__Exercise description__:
Copy out the listing below exactly, please, and skip any pictures.

__Dataset excerpt__:
--------------------------------
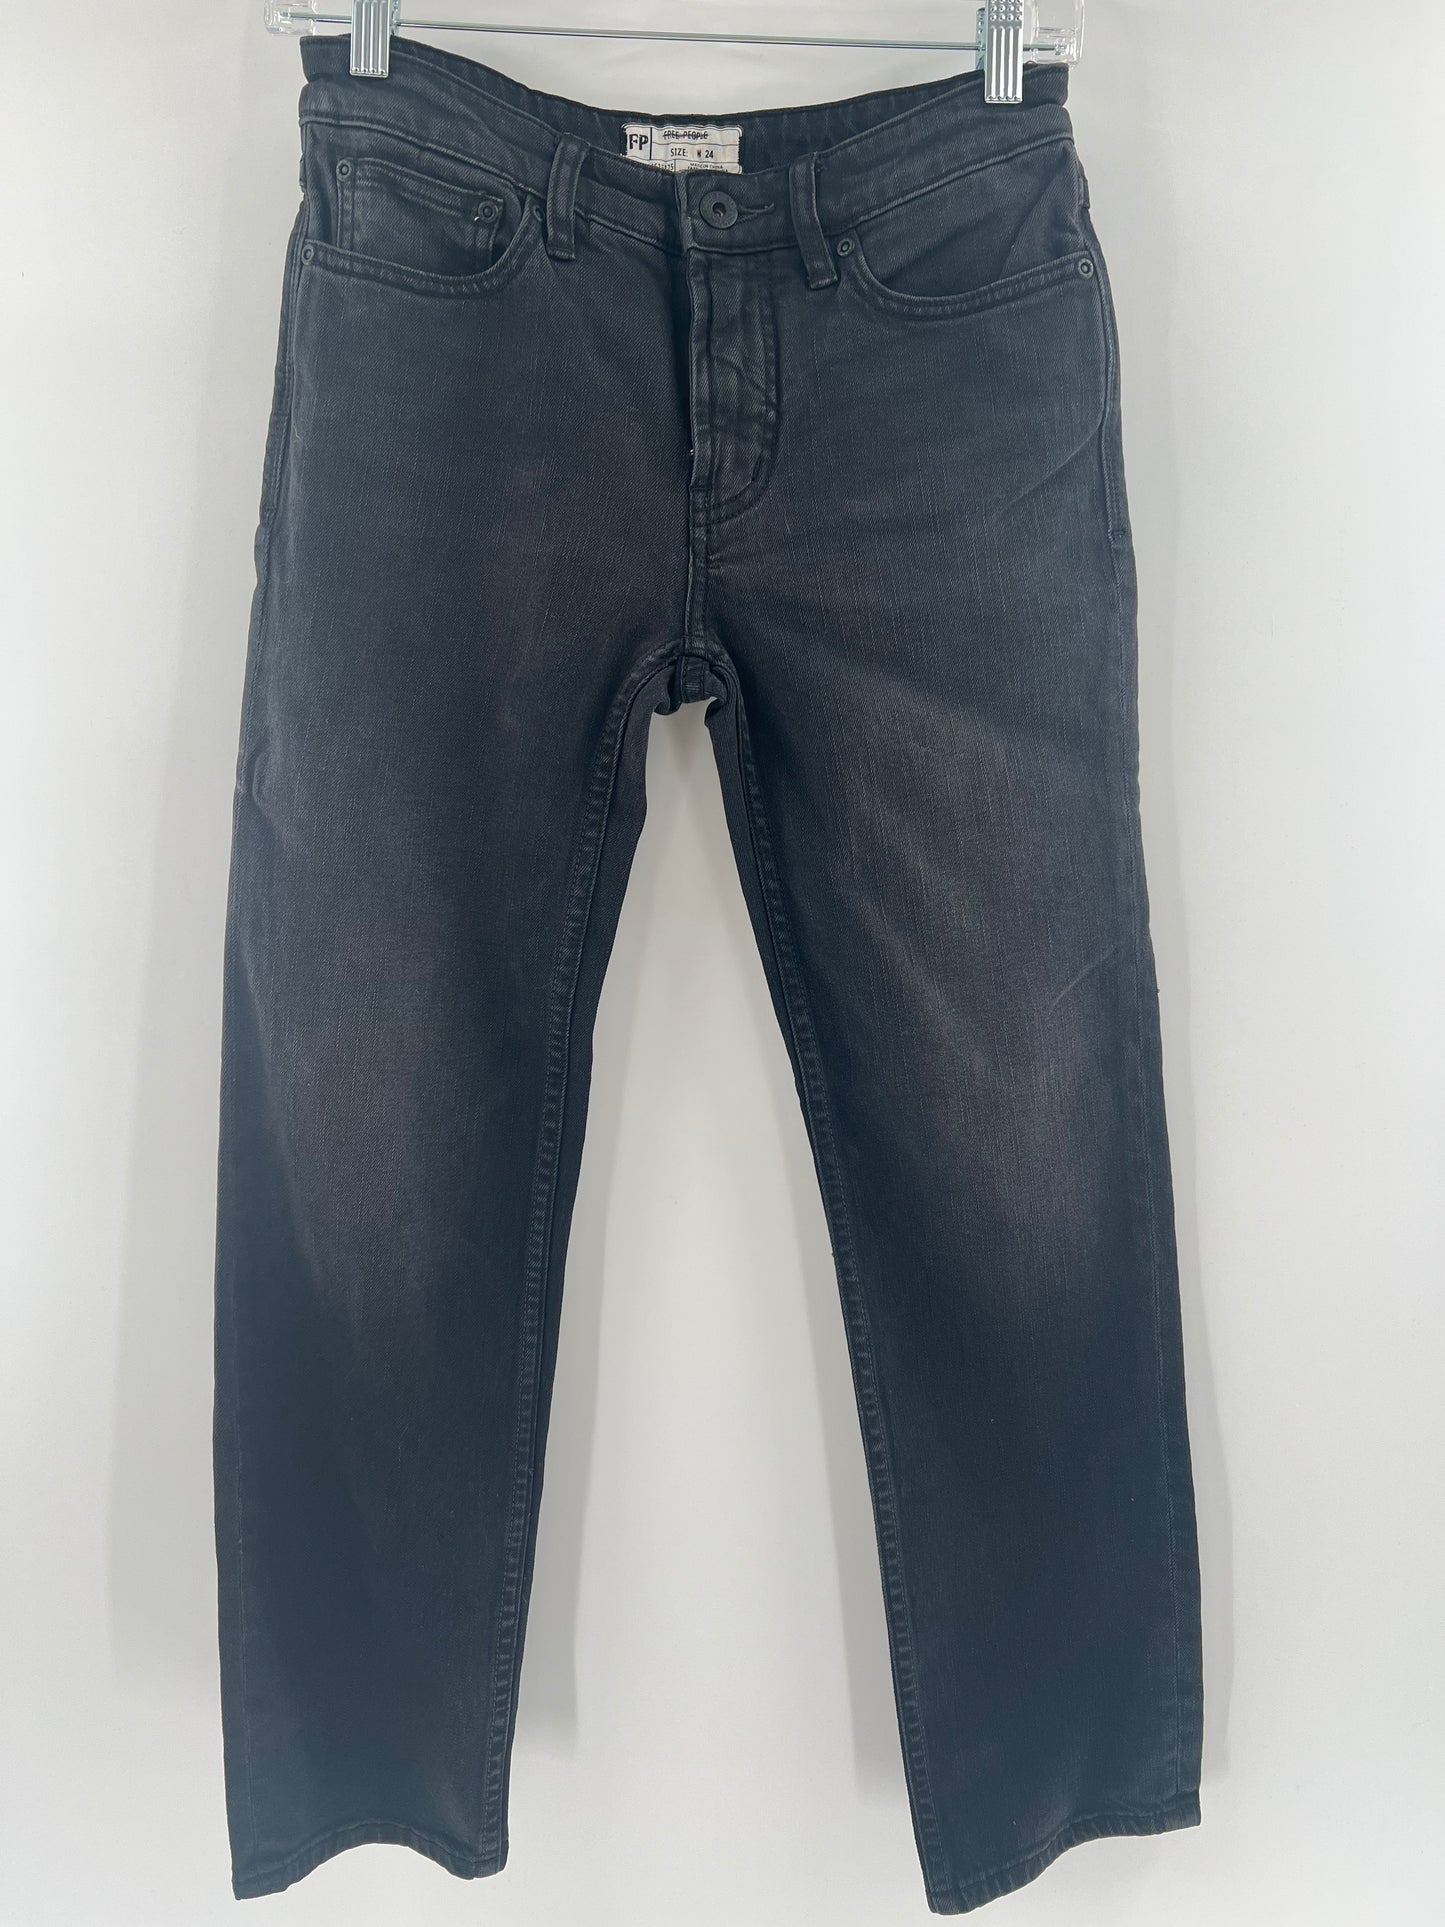 Free People Black Jeans (size W 24)
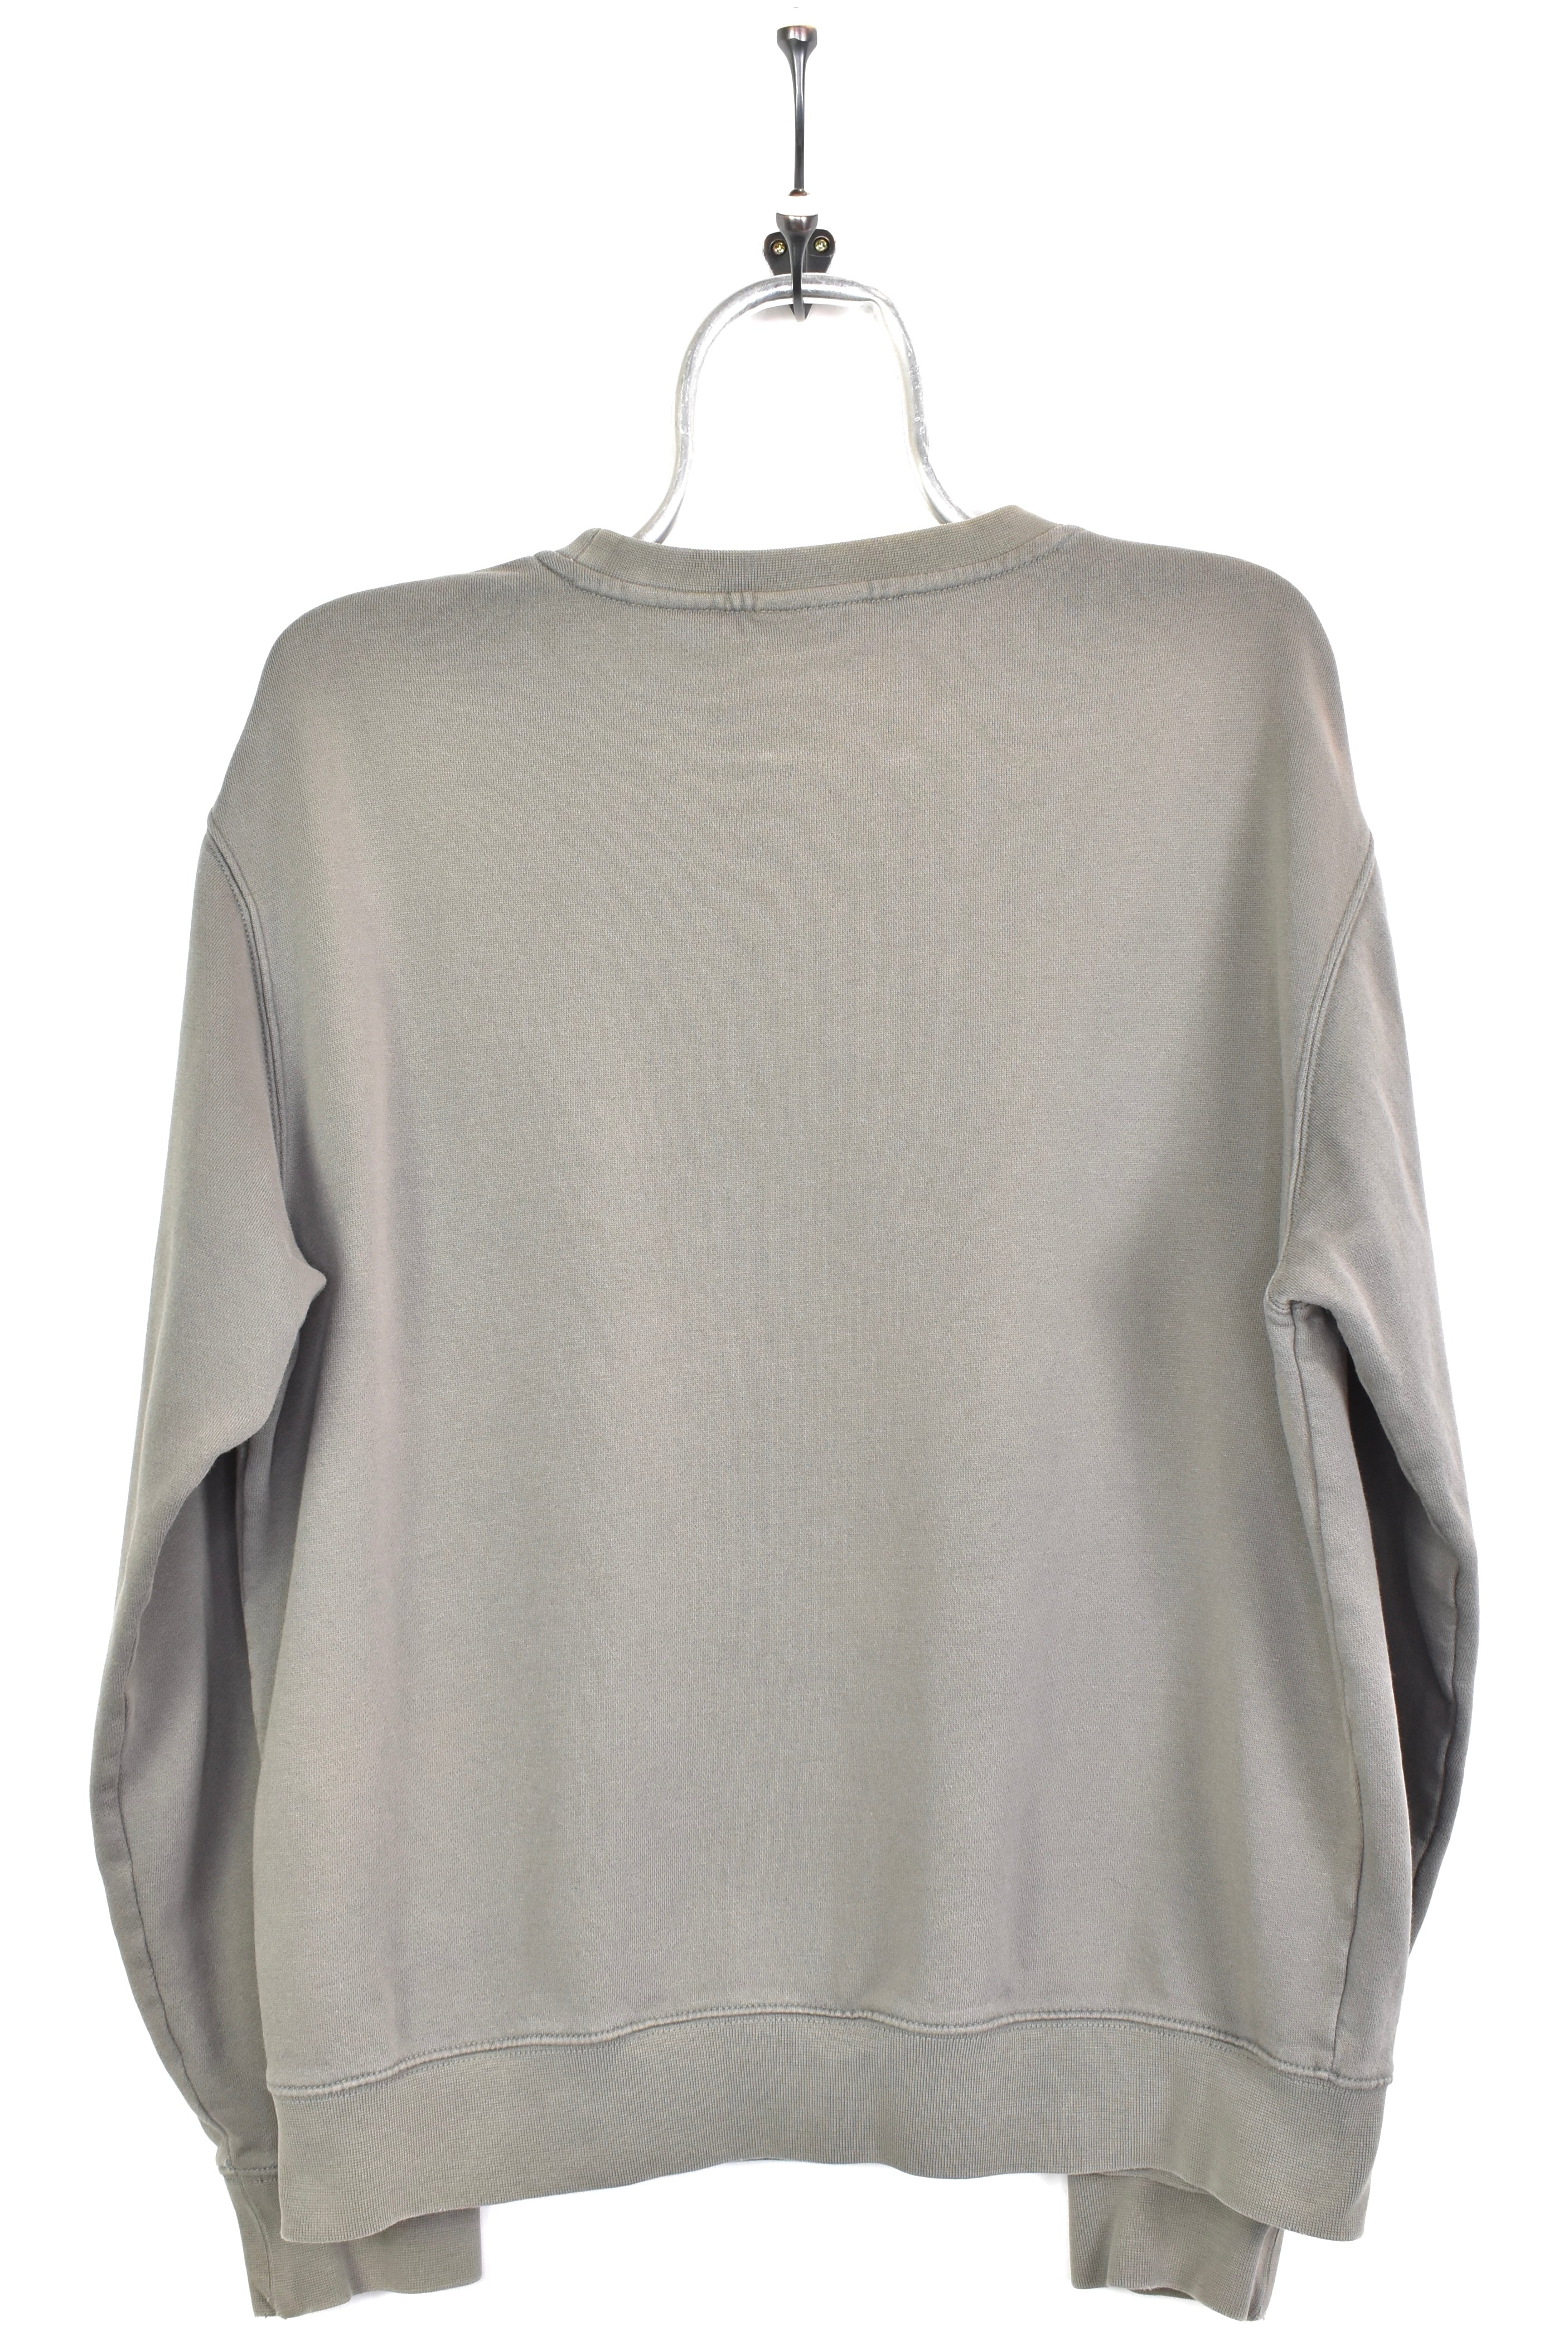 Vintage fila embroidered grey sweatshirt | medium FILA
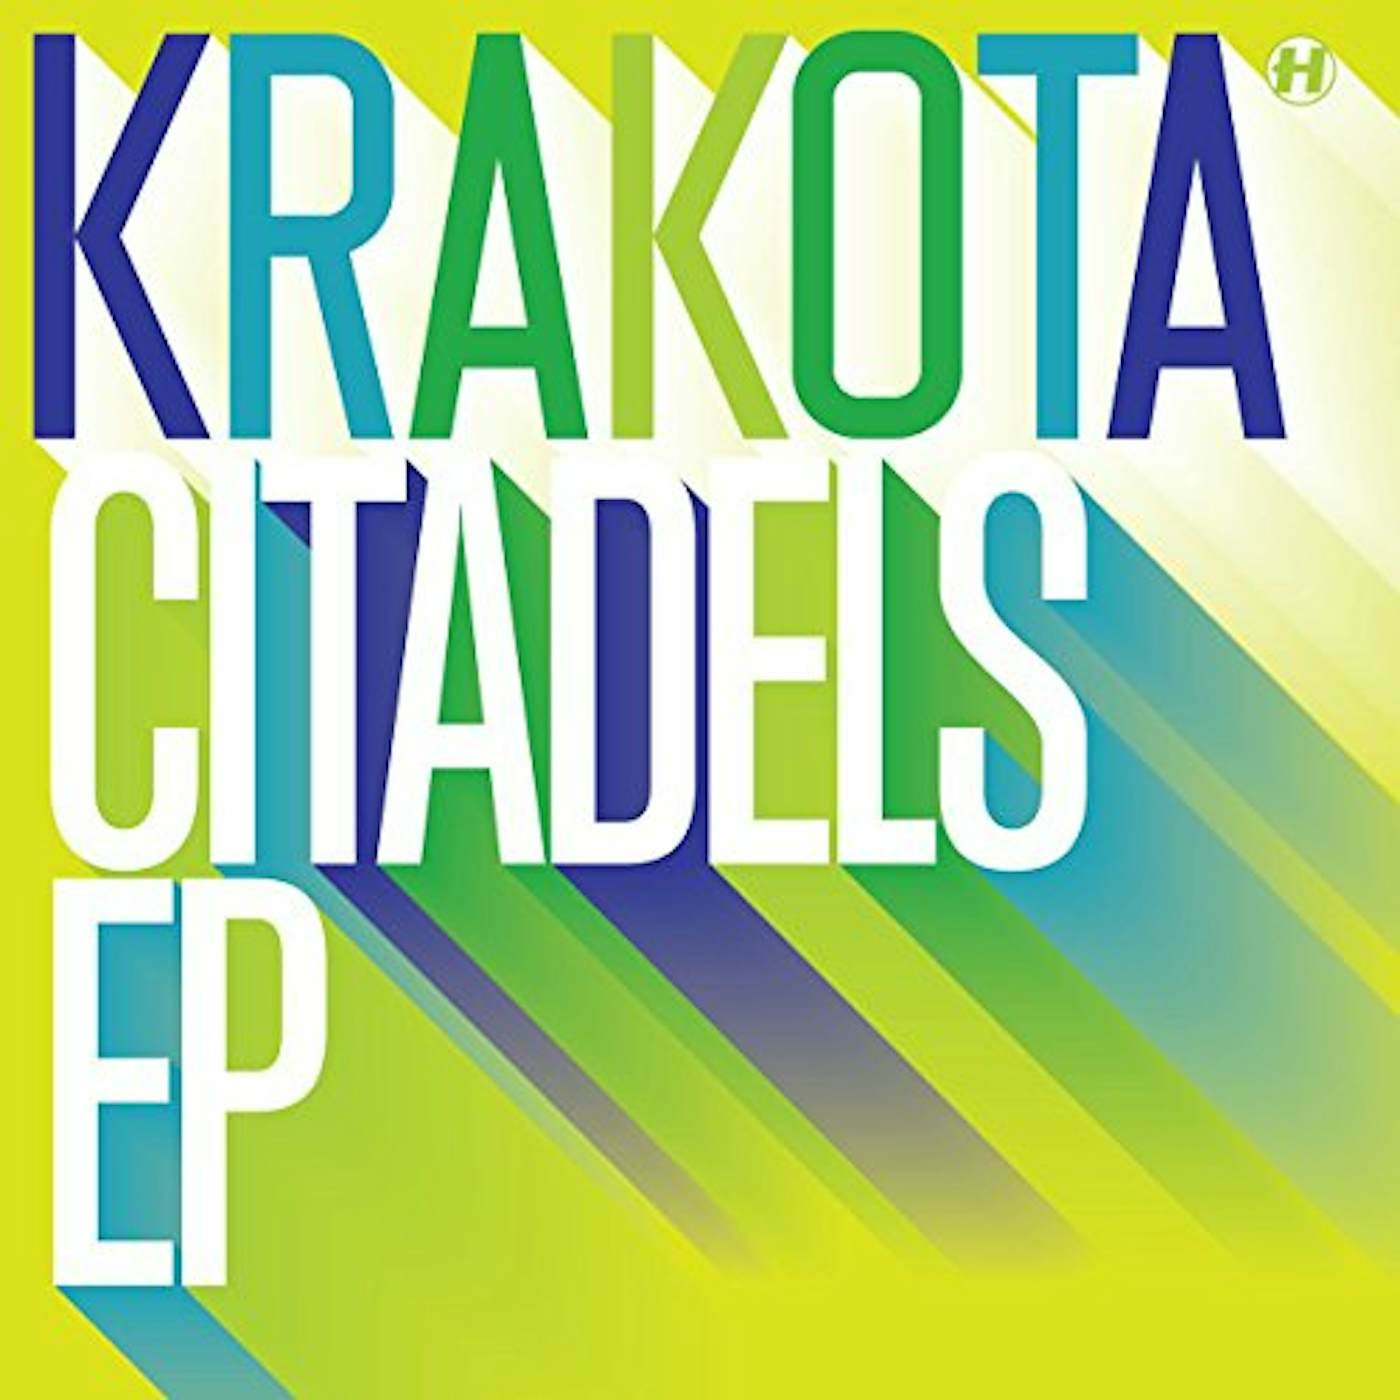 Krakota Citadels Vinyl Record
--------------------------------
__Written response__:
 Free People Black Jeans (size W 24)
 Vintage fila embroidered grey sweatshirt | medium FILA
 Krakota Citadels Vinyl Record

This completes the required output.